Patric was a beautiful man. An author, an artist. One of the most brilliant minds I've ever known.  

He was a mentor to so many authors, this gal included. 

What touched me most about Patric was the journey through his illness. Watching a man reconcile himself to the inevitable, witnessing his growth as he faced the challenge, and admiring his peace about what he knew was going to come. If Patric was afraid, he never let on.  

There will be many tributes to him, so I'll not elaborate on my own.   What I want to do, though, is leave you with a glimpse of HIM. Something to share, something that paints a better portrait of him that my words ever could.  

Once, he and I discussed fireflies. Yes, fireflies. He'd authored a story in an anthology in which fireflies were a horrific entity (it was a horror anthology, after all..lol).   But, on the subject of fireflies---to show the tender, sensitive side of himself---he sent me this little snippet once. And I don't figure he'd mind my sharing it.  

So...in my bidding goodnight to my Petit Garcon, my dear friend, let me share this beautiful insight into his mind....  
  When he was a kid, he and his friends spend endless summer nights lurking beneath these same trees playing tag and munching fruit, spitting seeds at each other and laughing. His real father had been alive then. Alive long enough to teach him how to catch and hold the fireflies that even now glittered amidst the tall grass and dark red leaves.

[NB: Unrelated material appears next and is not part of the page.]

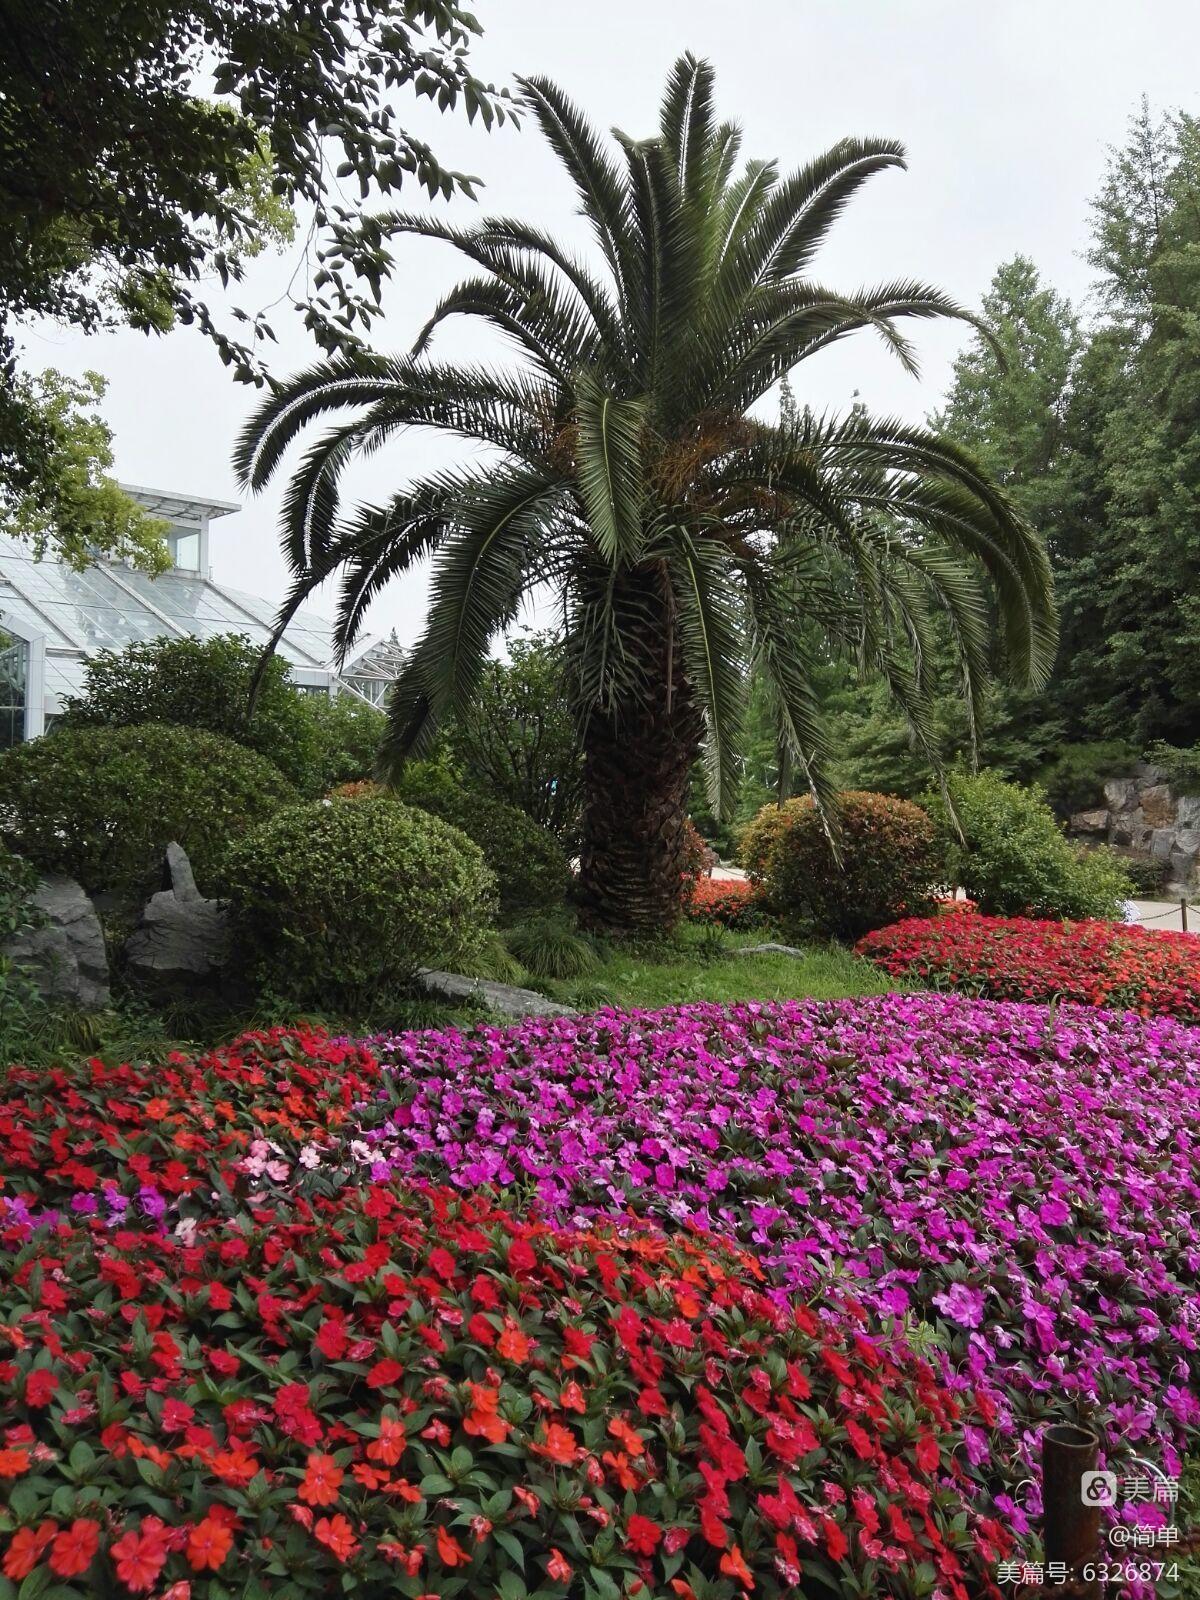 _上海辰山植物园一日游的说说_上海辰山植物园游玩要几个小时

He snatched one out of the air, almost without thought and stared at it cupped between his shaking hands.

“Don’t squeeze too hard, Danny. Cup your hands, like this.” Raymond Ellison demonstrated, allowing his son to peer at the softly glowing insect trapped within the cage of his hands. Faint green light spilled between his fingers. “You try it.”


Danny swept his hands through the tall grass and giggled as his efforts produced not one but two ‘lightning bugs’.

“I got two!” He crowed, holding up his prize.

“You sure did.” His father said, approving. “Look at them for a while, then let them go, Ok?”

“Why?” Danny asked, his small round face clouding with confusion. “Why can’t I keep them?”

“Because they will die if you do.” Raymond said, opening his own hands. The firefly flexed its wings experimentally. “They can’t live in captivity.” He said as the inset flew away, stitching indignant green fire into the warm summer night. He pulled his son onto his lap.

“There are some things in this world that cannot be caged.” Raymond said as he looked at the green light flickering in Danny’s hands. “See how they flash on and off like that? It means they are afraid.”

Danny studied his lightning bugs for a moment, then looked up into the trees. Lazy green light flickered in long, sweeping strokes. He looked at his bugs again, watching the stuttered, abortive light and thought he understood.

“If they are afraid for too long, their own fear will kill them, son. You don’t want that, do you?”

Danny hesitated. He opened his hands doubtfully and watched as the flickers lengthened and brightened. He tossed his bugs into the air and turned to his father. His doubt vanished in the bright gleam of his father’s smile.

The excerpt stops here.